Мы не думаем, таким образом, что учение святого Августина может быть принято как указание нам оставить нашу Церковь из-за ее случайного протестантизма, как бы неудовлетворительно ни было иметь такой признак, лежащий на нас. И приятно верить, что в это время есть симптомы нашего улучшения; и мы только хотели бы видеть столько же надежды на возвращение к более здоровому состоянию в Риме, сколько в настоящее время видно в нашей собственной общине. Среди нас растет чувство, что быть просто Учреждением недостойно Кафолической Церкви; и что быть отрезанным от остального христианского мира — не предмет для хвастовства.

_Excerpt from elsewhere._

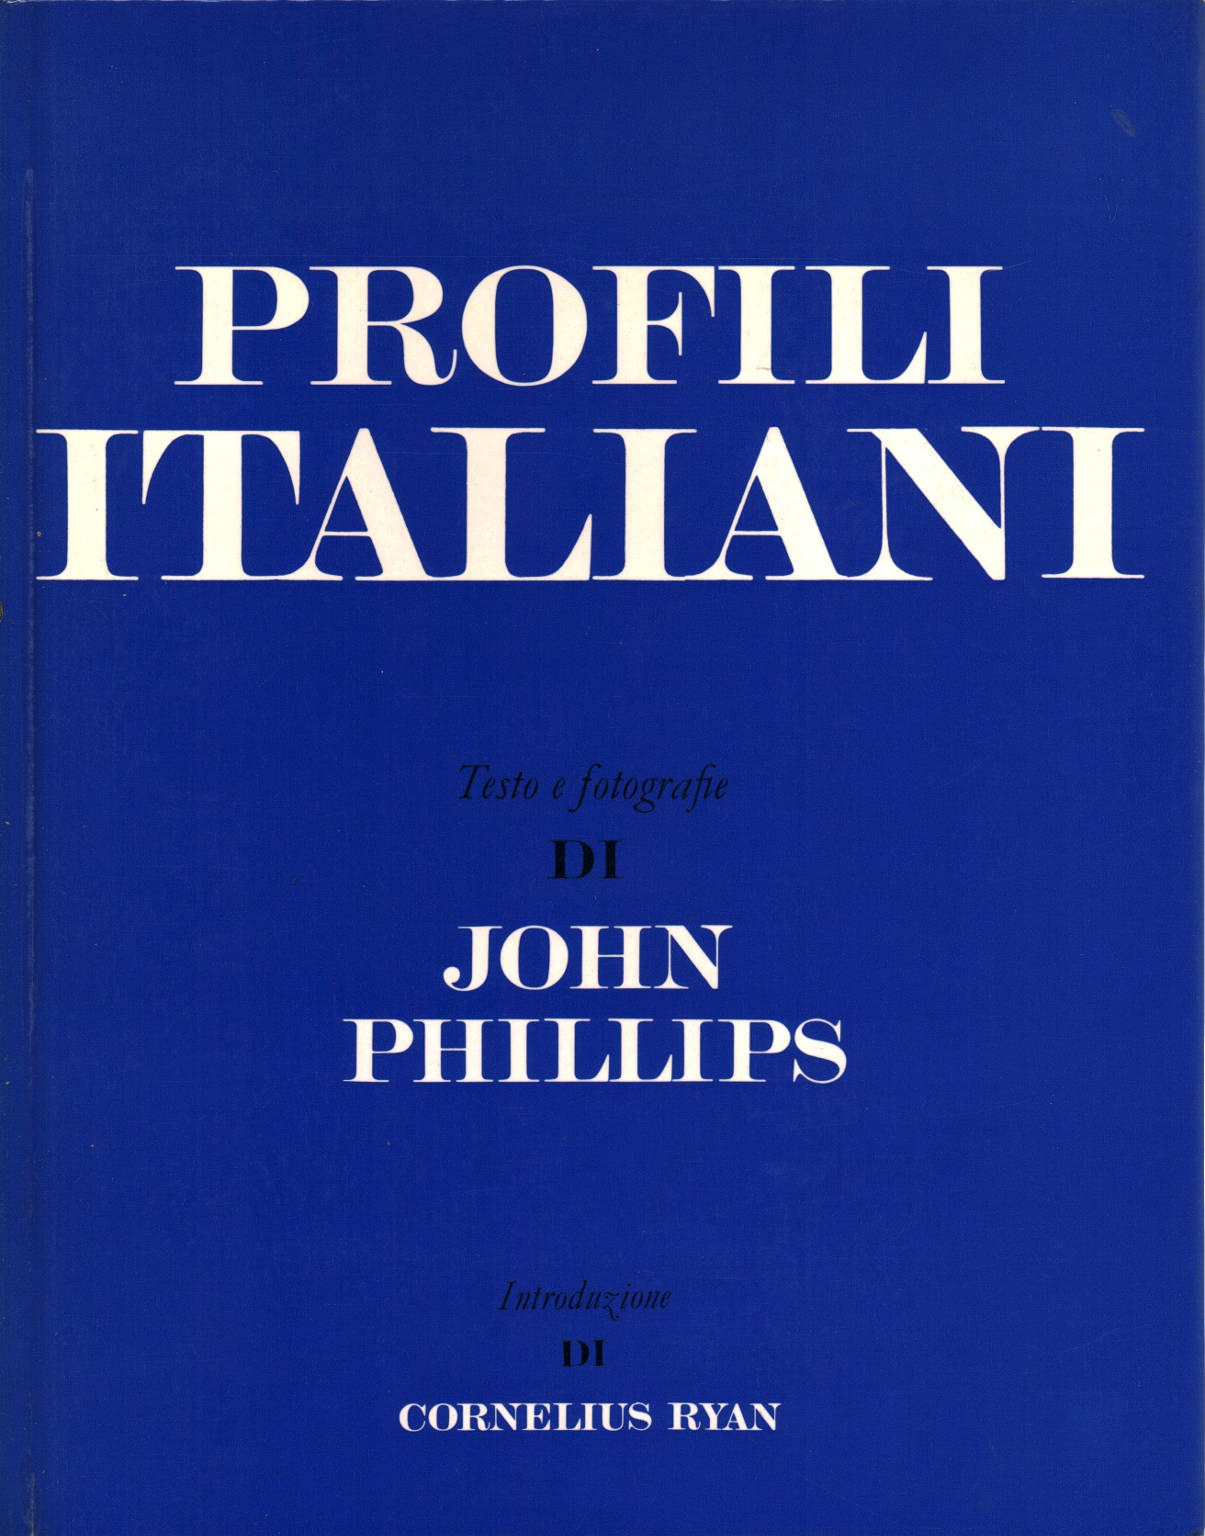 Profili italiani, John Phillips

Мы, кажется, приняли идею желательности быть в хорошем понимании с Греческой и Восточными Церквами; и мы стремимся посылать епископов в отдаленные места, где они должны вступать в контакт с иностранными общинами, и хотя крайняя неопределенность, нерешительность и путаница, в которых наши теологические и церковные понятия в настоящее время лежат, почти наверняка вовлекут нас в определенные ошибки и экстравагантности, все же было бы неблагодарно «презирать день малых дел» и не признать в этих движениях обнадеживающее волнение сердец и религиозную тоску по чему-то лучшему, чем мы имеем. Но не останавливаясь чрезмерно на этих публичных проявлениях кафолической тенденции, мы все должны помнить, что восстановление общения с другими Церквами находится, в некотором смысле, во власти индивидов. Каждый, кто желает единства, кто молится о нем, кто стремится содействовать ему, кто свидетельствует о нем, кто ведет себя по-христиански по отношению к членам Церквей, отчужденных от нас, кто находится в дружбе с ними (сохраняя свой долг перед своей собственной общиной и перед самой истиной), кто пытается назидать их, пока назидает себя и свой собственный народ, может, безусловно, считаться, насколько это касается его самого, разрушающим среднюю стену разделения и обновляющим древние узы единства и согласия силой милосердия. Милосердие может сделать все для нас; милосердие — это одновременно дух рвения и мира; милосердием мы будем верно протестовать против того, что наше частное суждение оправдывает нас в осуждении в других; и милосердием мы имеем в своих руках, пусть все люди противостоят нам, восстановить в своем собственном кругу общение Церквей.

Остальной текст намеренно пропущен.